Work task: Copy the data exactly. Images are the one exception.

Supplied information:

========================

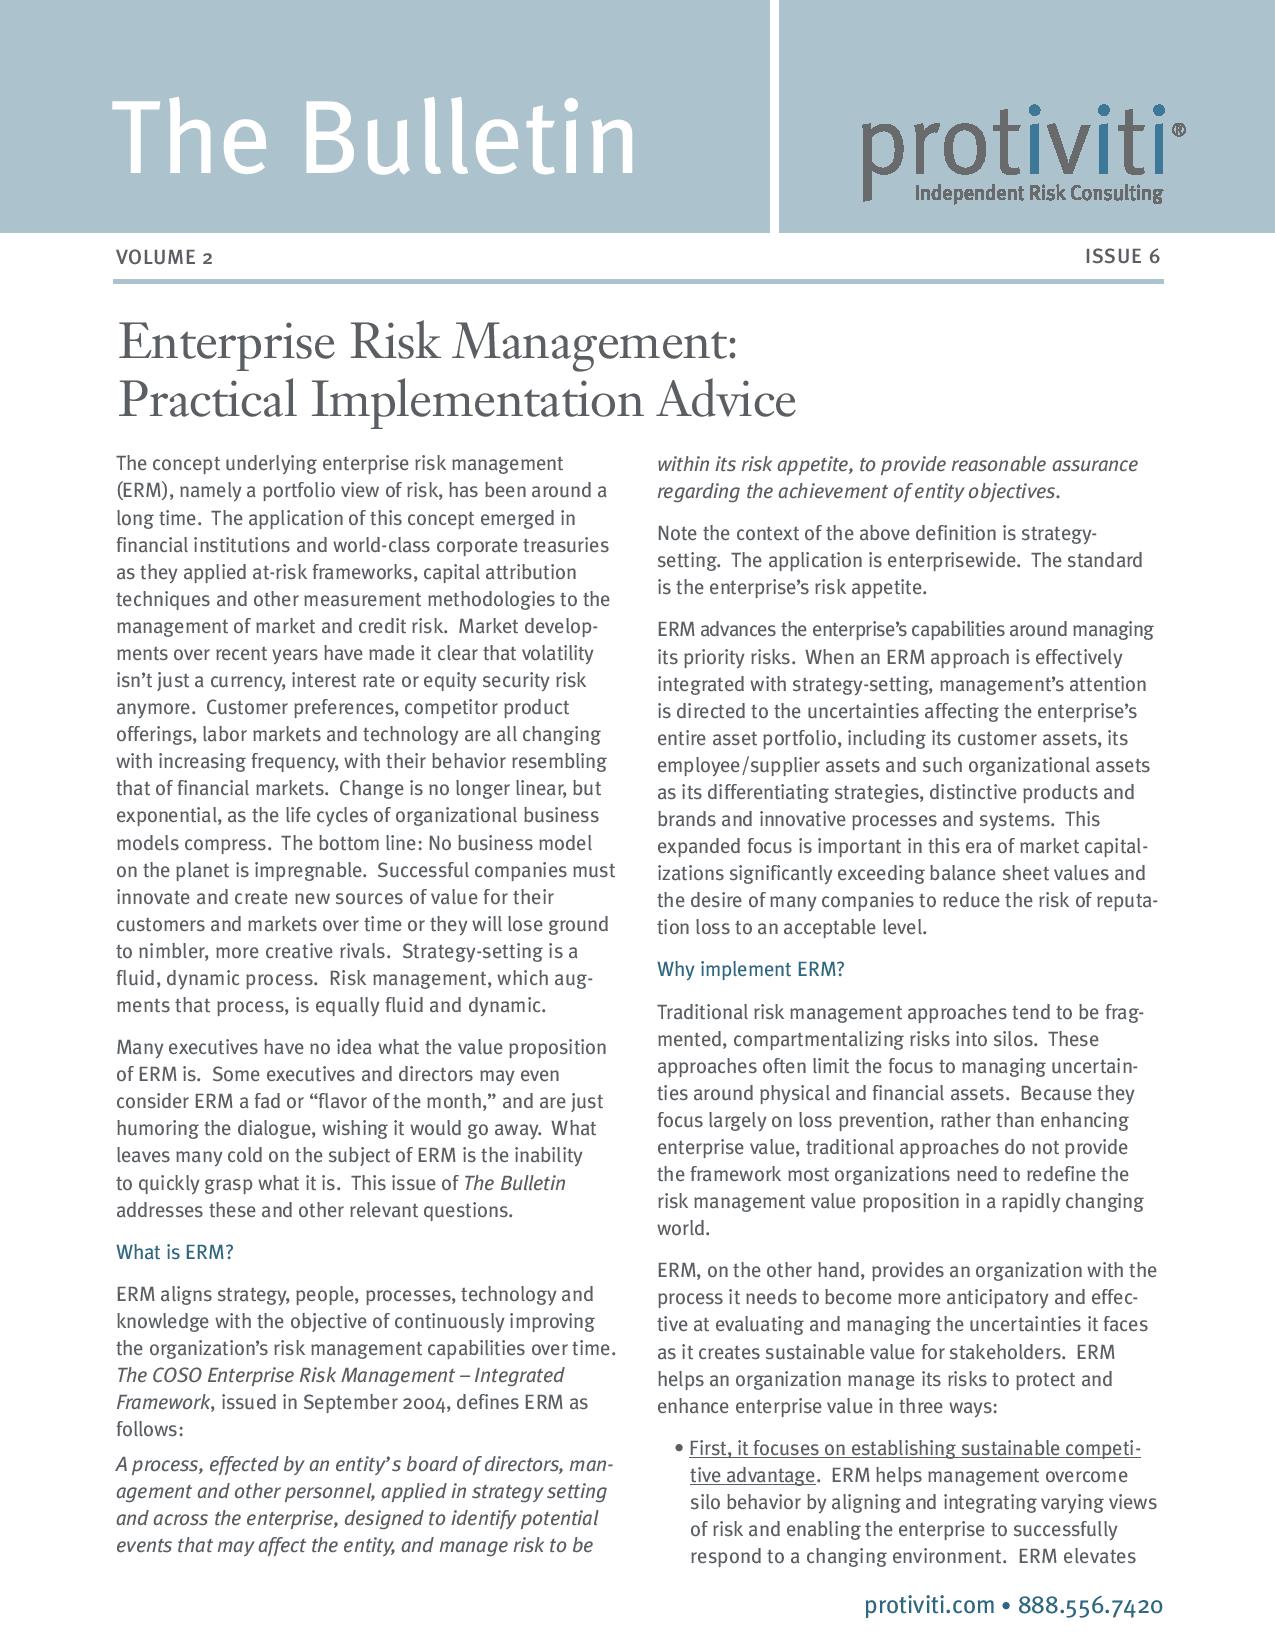 Enterprise Risk Management: Practical Implementation Advice
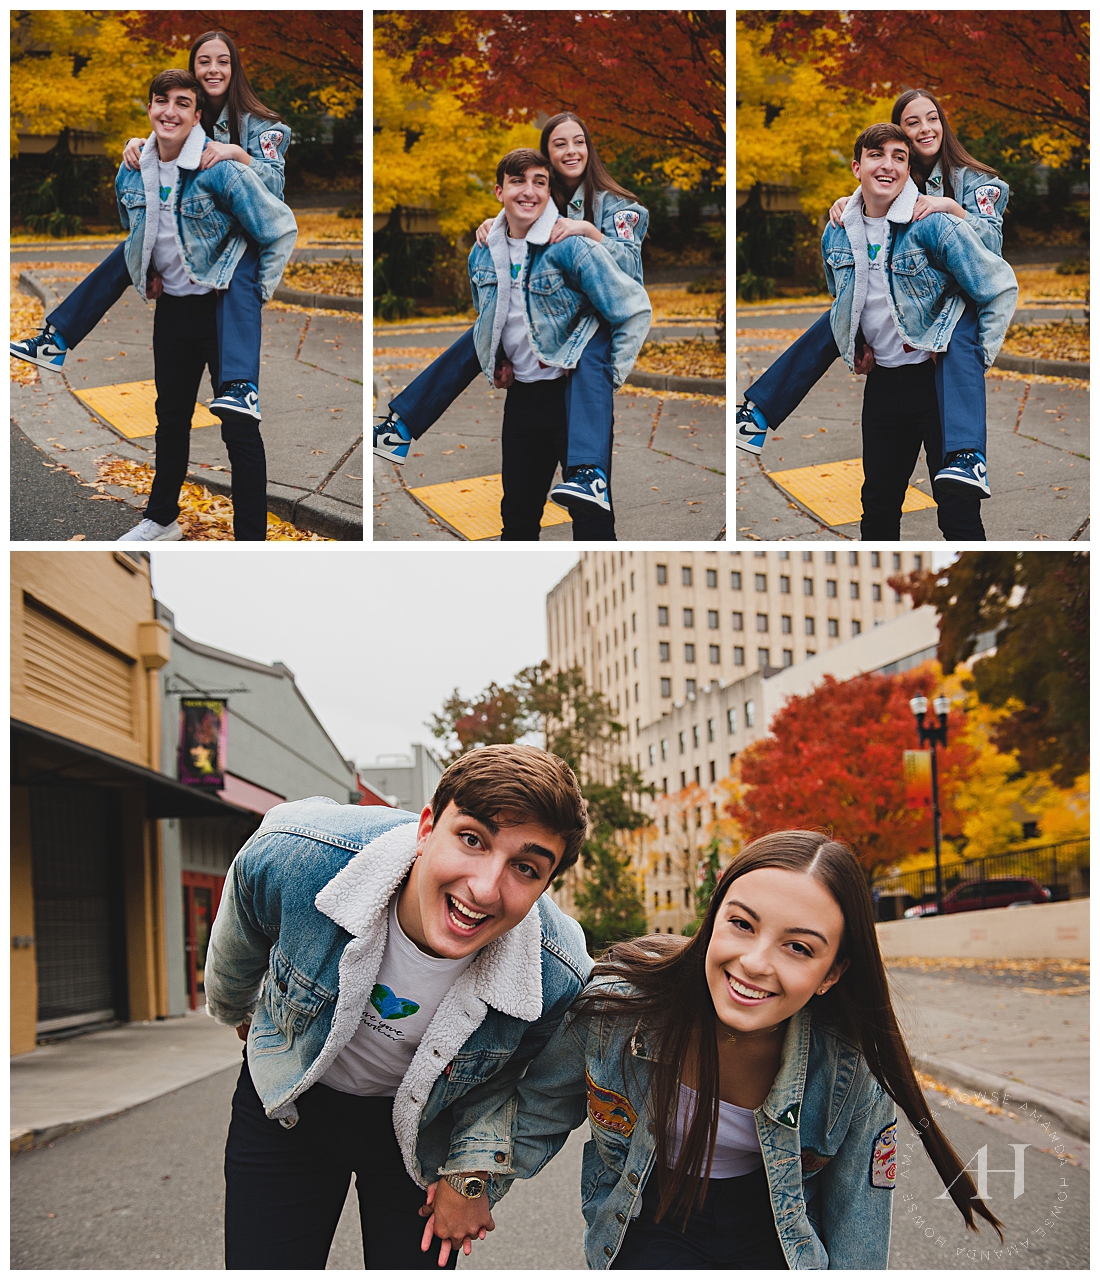 Twin Senior Portrait Ideas with Cute Matching Denim Jackets | Senior Style Guide 2022 | Photographed by the Best Tacoma, Washington Senior Photographer Amanda Howse Photography
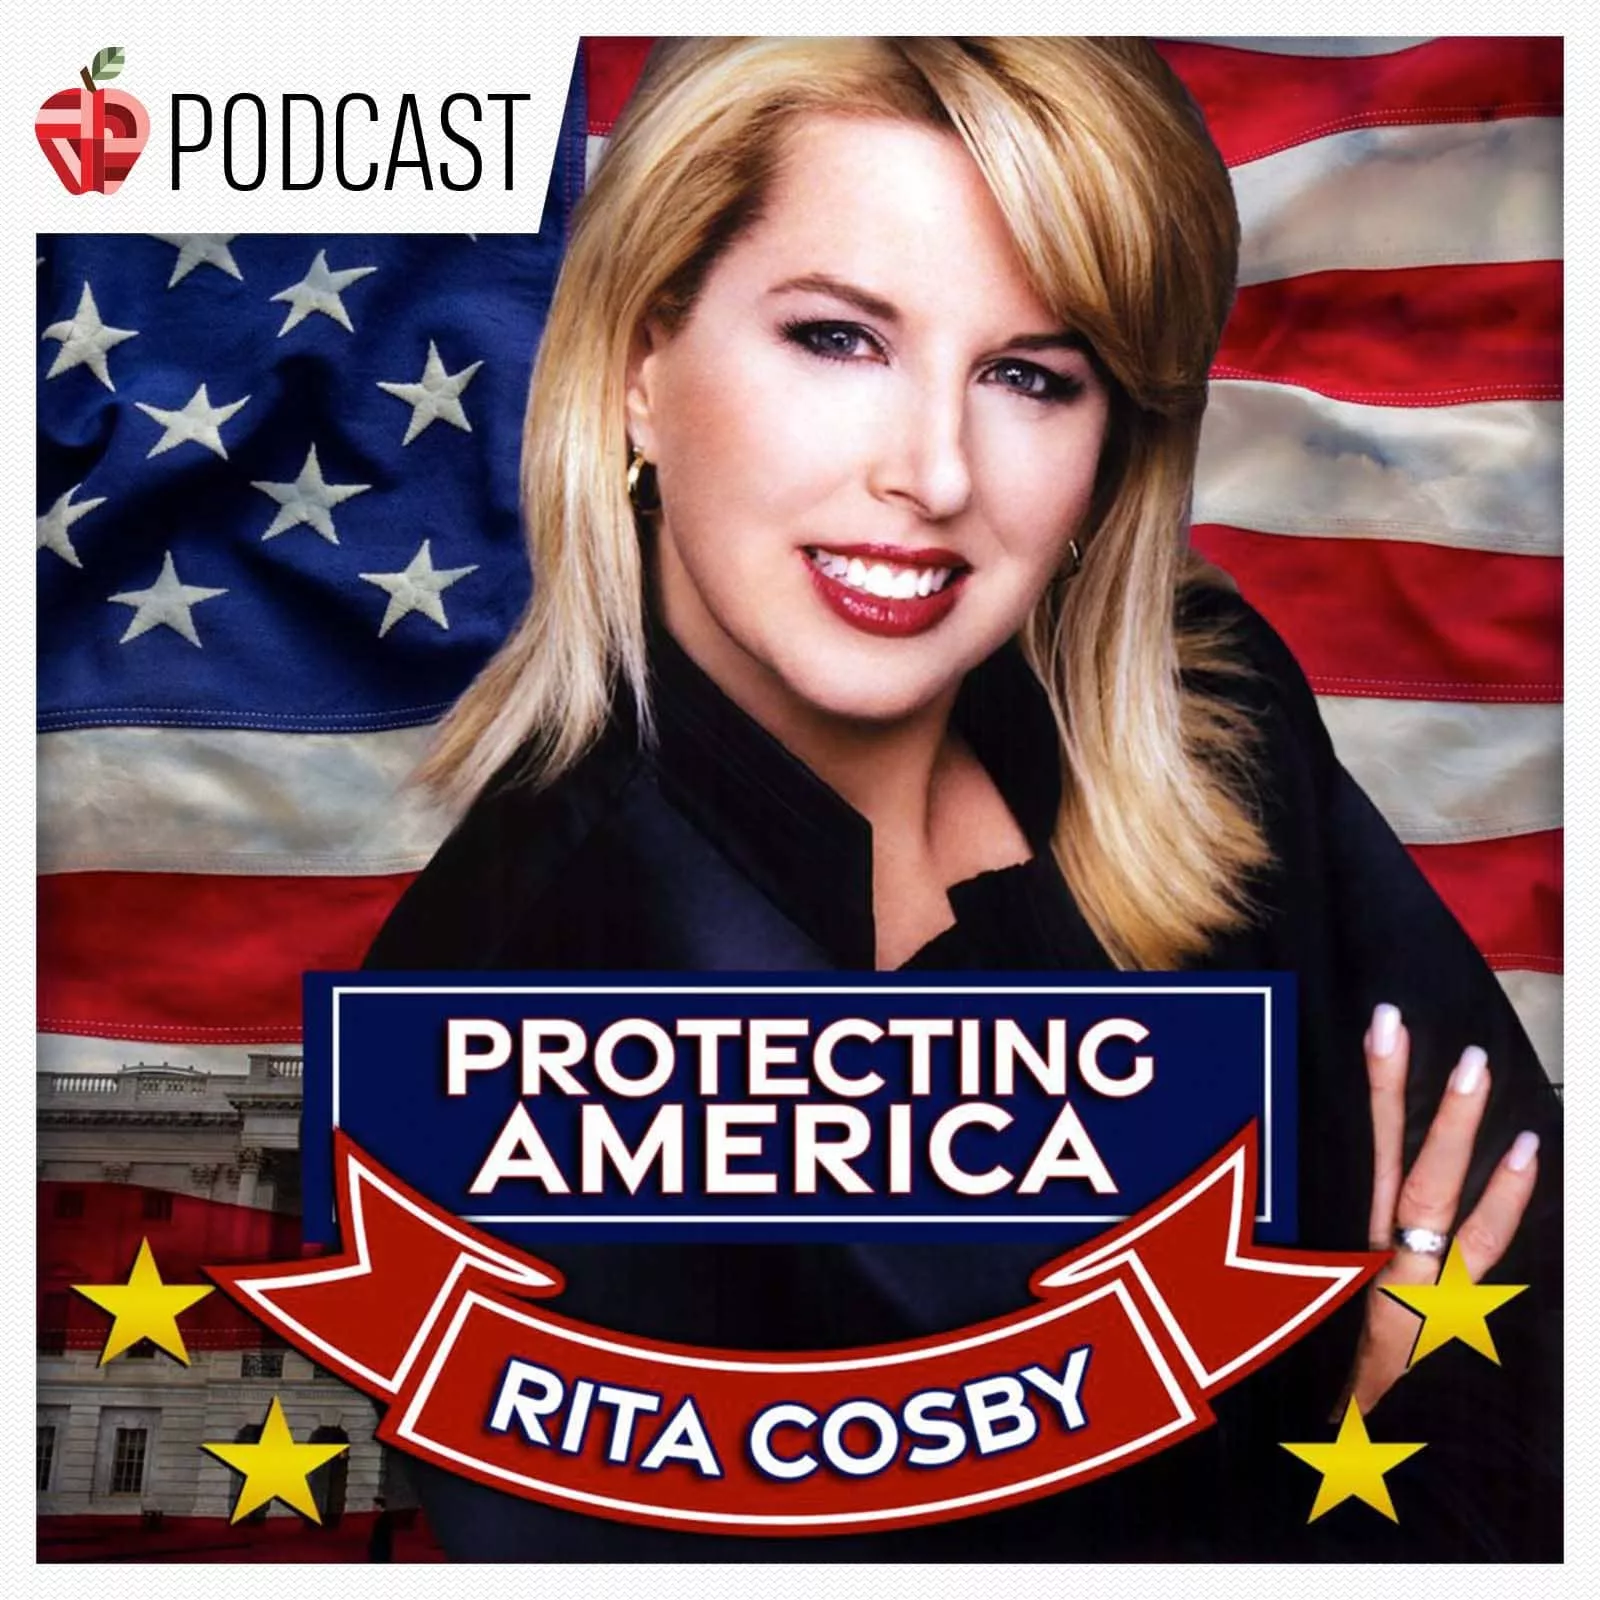 rita-cosby-protecting-america-correct-podcast-new-logo129813

========================

Solution to this exercise:
 Enterprise Risk Management: Practical Implementation Advice
 Twin Senior Portrait Ideas with Cute Matching Denim Jackets | Senior Style Guide 2022 | Photographed by the Best Tacoma, Washington Senior Photographer Amanda Howse Photography
 rita-cosby-protecting-america-correct-podcast-new-logo129813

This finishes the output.